Perform lumping on a hierarchical nominal variable
lump_hierarchical.RdPerform lumping on a hierarchical nominal variable
Usage
lump_hierarchical(
data,
threshold,
clusters,
verbose = FALSE,
alternative_metric = c("mutual information", "bin count", "surplus"),
level_namer = default_level_namer
)Arguments
- data
Factor or character vector of the categorical data.
- threshold
The minimum number of samples each lumped level should contain.
- clusters
List of character vectors representing the levels that are allowed to be lumped together.
- verbose
Logical value dictating if values should be printed. Default:
FALSE.- alternative_metric
The metric that should be optimised for, if it is different from the default, the mutual information. For an explanation of the metrics see
vignette("metrics").- level_namer
Function that takes a character vector of the original levels in a lump and returns the name of the new lumped level. Default: concatenating the original levels with a "+" in between.
See also
maximum_mutual_information_hierarchical() for the underlying algorithm that this function wraps.

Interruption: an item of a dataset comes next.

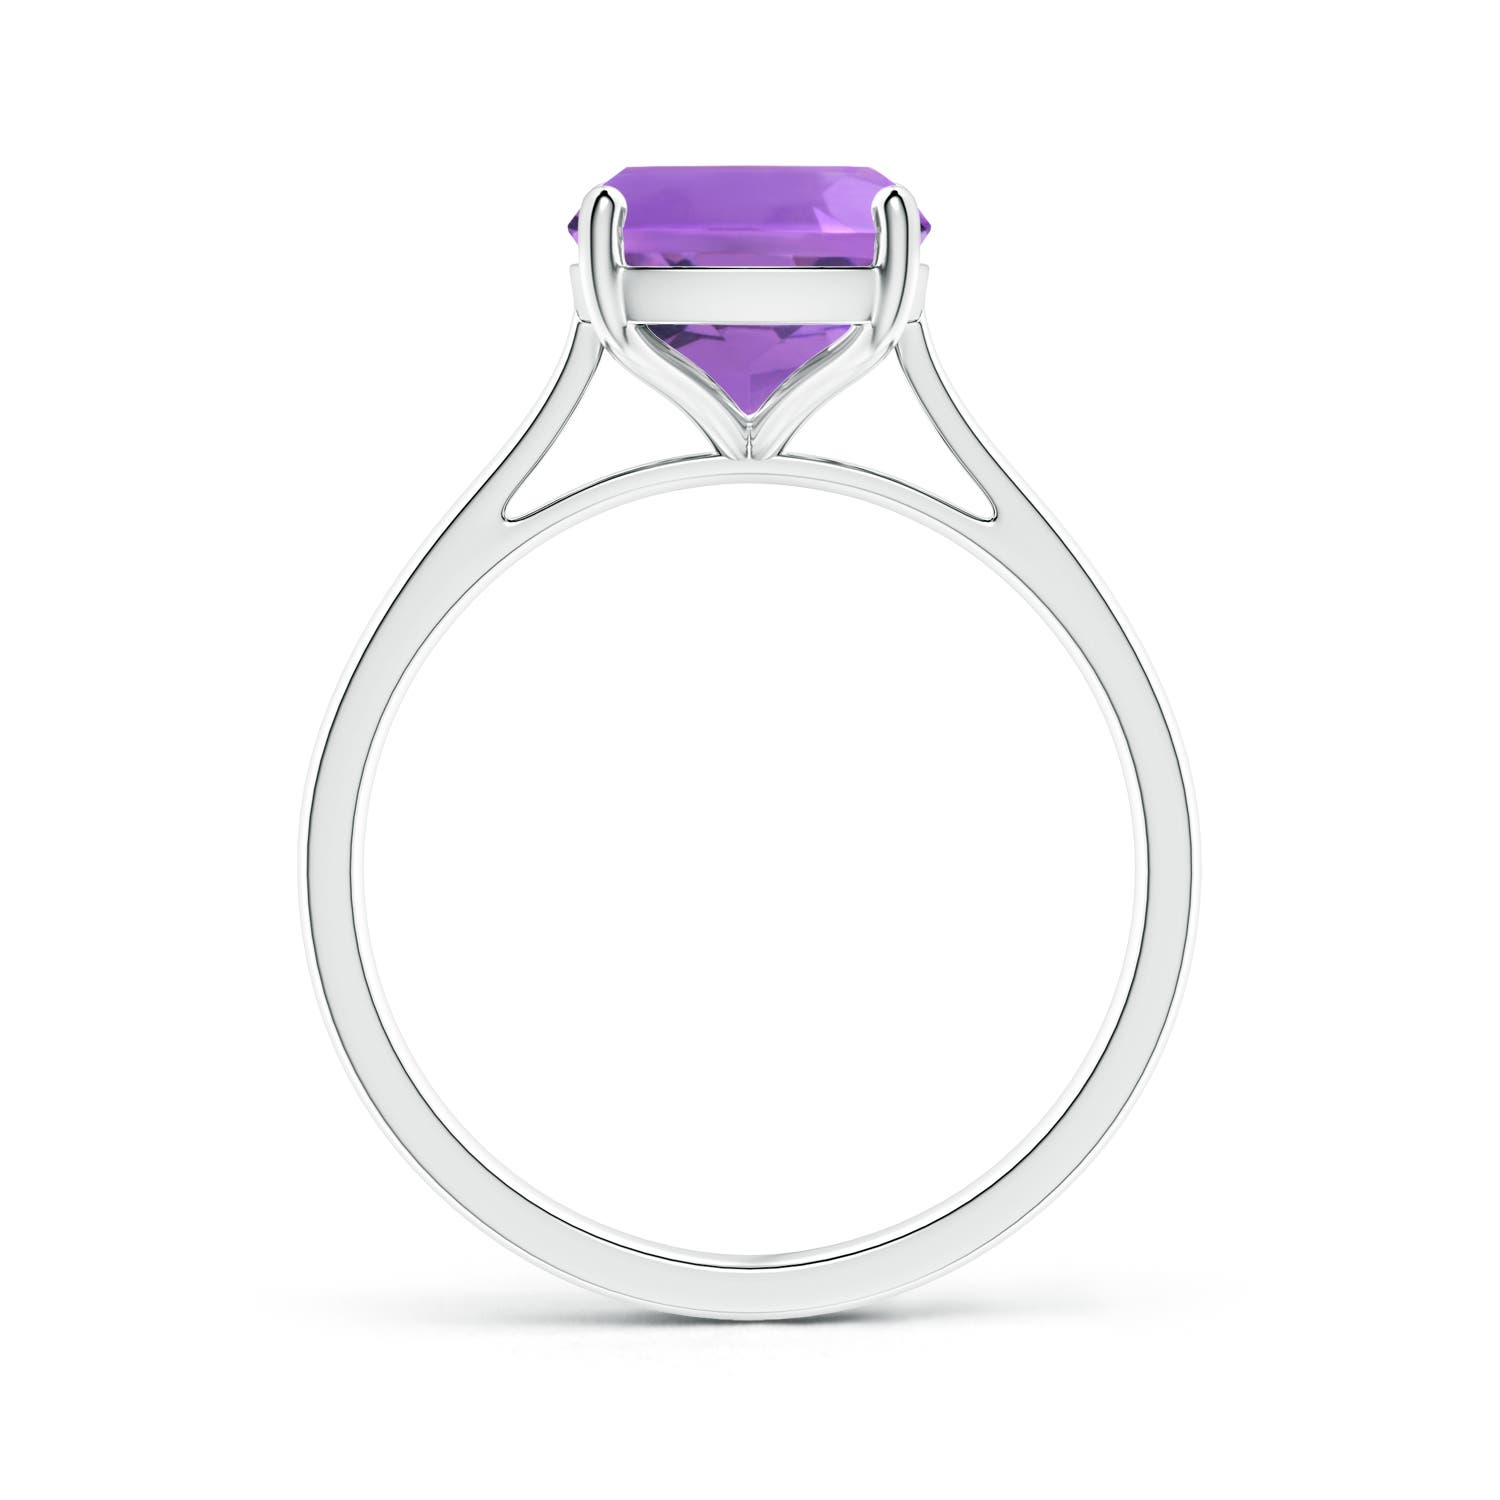 AA - Amethyst / 2.7 CT / 14 KT White Gold

lump_nominal() for a more general version of this function that does not need the hierarchical structure in the data, but may be slower.
Examples
country <- c("Germany", "Netherlands", "France", "France", "China", "China",
"China", "China", "Vietnam", "Vietnam", "Japan", "Japan")
lump_hierarchical(
country,
4,
list(c("Germany", "Netherlands", "France"), c("China", "Vietnam", "Japan"))
)
#> [1] Germany+Netherlands+France Germany+Netherlands+France
#> [3] Germany+Netherlands+France Germany+Netherlands+France
#> [5] China China
#> [7] China China
#> [9] Vietnam+Japan Vietnam+Japan
#> [11] Vietnam+Japan Vietnam+Japan
#> Levels: Germany+Netherlands+France Vietnam+Japan China